> [...]
> I noticed pmdapapi timed out for me on fetch[...]
> $ time sudo pminfo -v papi > /dev/null
> real 0m5.316s
> [...]
> and then subsequently, too ...
> $ time sudo pminfo -v papi > /dev/null
> real 0m1.765s
> [...]
The two commits on pcpfans.git fche/papi improve on this situation by
moving code from the papi-pmda "inner loop" (the papi_fetchCallBack
function) into the higher level papi_fetch one. With default pminfo
and papi-pmda batching values, both those pminfo calls should finish
in much less than a second. The knobs exposed by the code let you
benchmark the improvements on your own hardware too.
Before:
# pmstore papi.control.batch 9999
# pmstore papi.control.reset ""
# /bin/time pminfo -f papi >/dev/null
0.00user 0.00system 0:02.68elapsed
# /bin/time pminfo -b1 -f papi >/dev/null
0.00user 0.01system 0:03.30elapsed
After:
# pmstore papi.control.batch 10
# pmstore papi.control.reset ""
# /bin/time pminfo -f papi >/dev/null
0.00user 0.00system 0:00.19elapsed
# /bin/time pminfo -f papi >/dev/null
0.00user 0.00system 0:00.11elapsed
commit 31cf3bc00d58b5f9e28b33d46614e993050b66b9 (HEAD, origin/fche/papi,
fche/papi)
Author: Frank Ch. Eigler <fche@xxxxxxxxxx>
Date: Mon Jan 26 21:20:13 2015 -0500
papi pmda: add papi-read batching
On an ordinary pcp fetch of an already-running set of papi counters,
previous code was doing a PAPI_read(3) operation for every individual
pmid. With the prior code & default pminfo-batch size of ~20, each
pcp fetch took well below 1 second, but still...
We now batch by doing a single PAPI_read at the pcp-fetch level.

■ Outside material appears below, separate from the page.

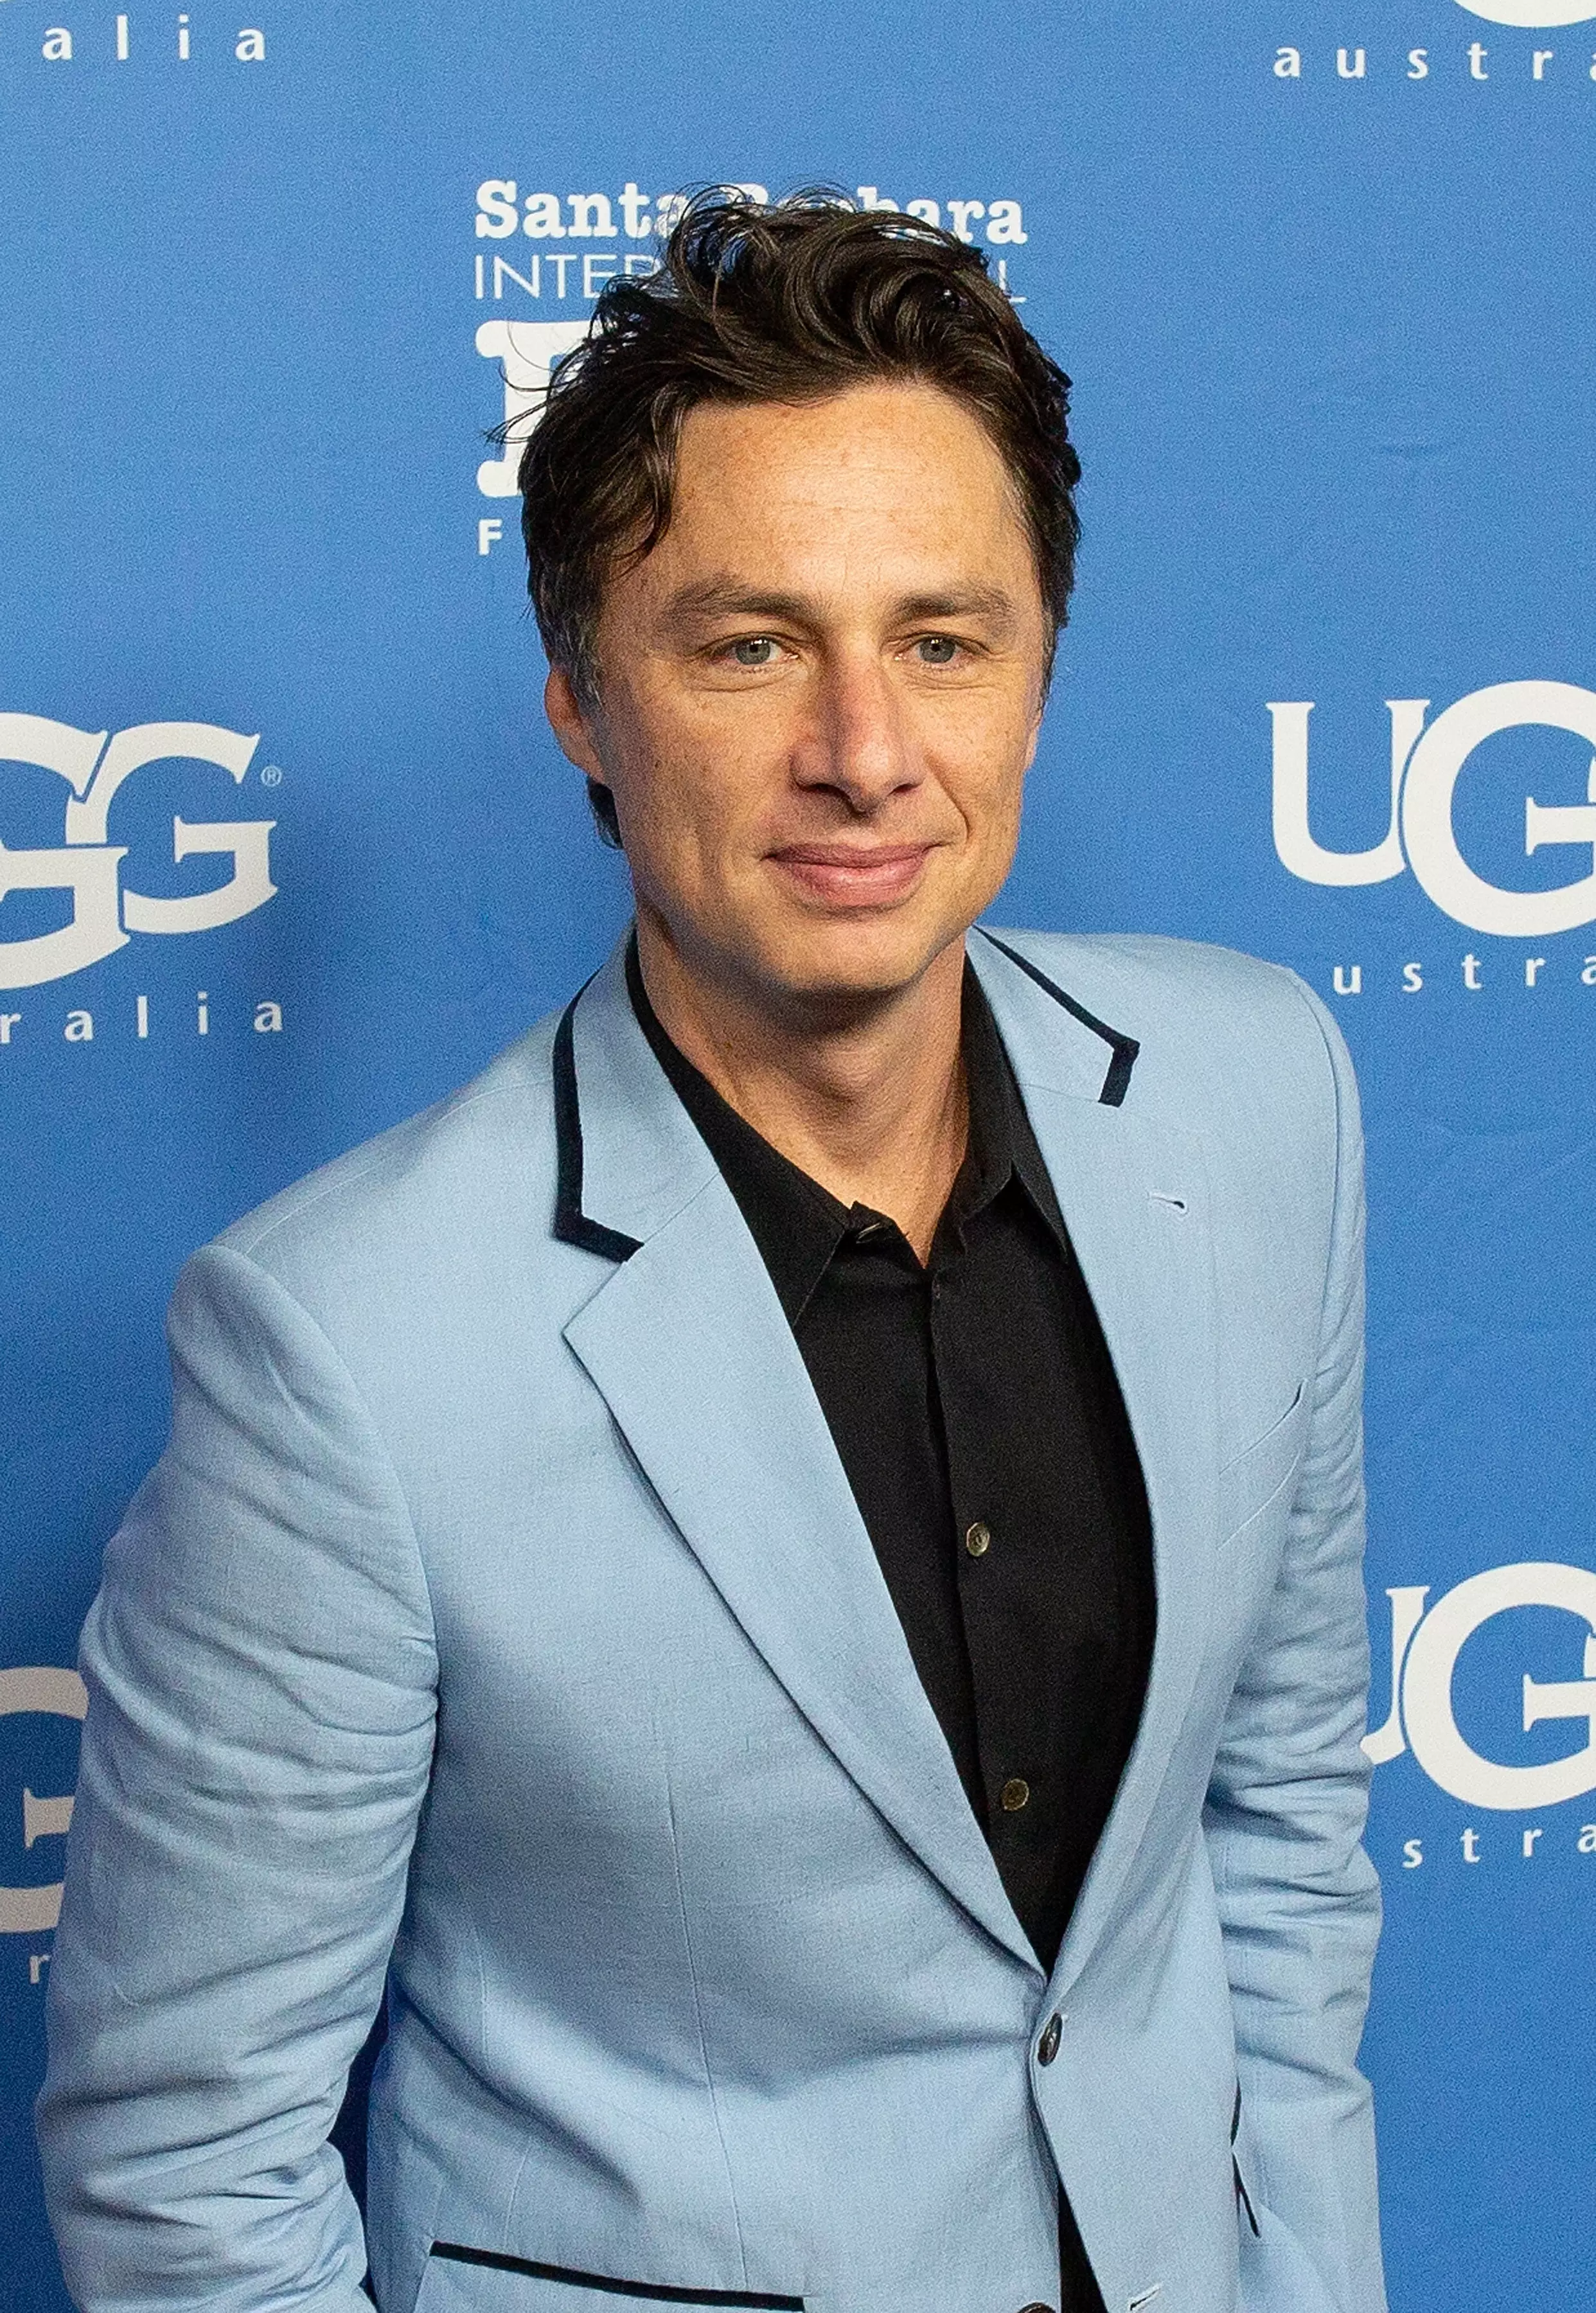 Zach Braff says it was a 'bummer' the controversy appeared to affect the reception to his film.

One
can compare the before & after results by running this new code with
% pminfo -f papi
to get many counters auto-enabled, then
% pminfo -b1 -f papi >/dev/null
to fetch with no batching (as before), and
% pminfo -b999 -f papi >/dev/null
to fetch in apprx. one big batch (the ideal case).
commit 07350e06314c39bec16adc502a1d2ba37e0dfd40 (origin/fche/papi)
Author: Frank Ch. Eigler <fche@xxxxxxxxxx>
Date: Fri Jan 23 21:19:59 2015 -0500
papi pmda: add papi-refresh batching
It has been reported that in some cases, a "pminfo -f papi" operation
(causing auto-enable of all avilable counters) can take a noticeable
amount of time. This was due to incremental PAPI-level regeneration
for each new added metric/counter. That permitted precise errors, but
costs time.
This patch introduces a "papi.control.batch" parameter, which sets a
limit for the maximum number of pmid's per fetch that permits the old
behavior. Abvove that limit, incremental PAPI regenerations are
temporarily suppressed until the end of the fetch operation, so as to
have one big PAPI bang.
The default value (10) makes "pminfo -f papi" take <1 second. Setting
it to a large number (100s) can let it take up to multiple seconds,
depending on machine load, perhaps even triggering pmcd's "timeout,
you're gone!" treatment of the pmda. Testing this aspect (stressing
papi to timeout-failure) has not been included, but otherwise basic
qa smoke-testing is present.
In passing, the papi.c file is retabified, and an earlier pmUnits
error introduced in commit ecfacf3ff for papi.control.auto_enable is
corrected.
- FChE
|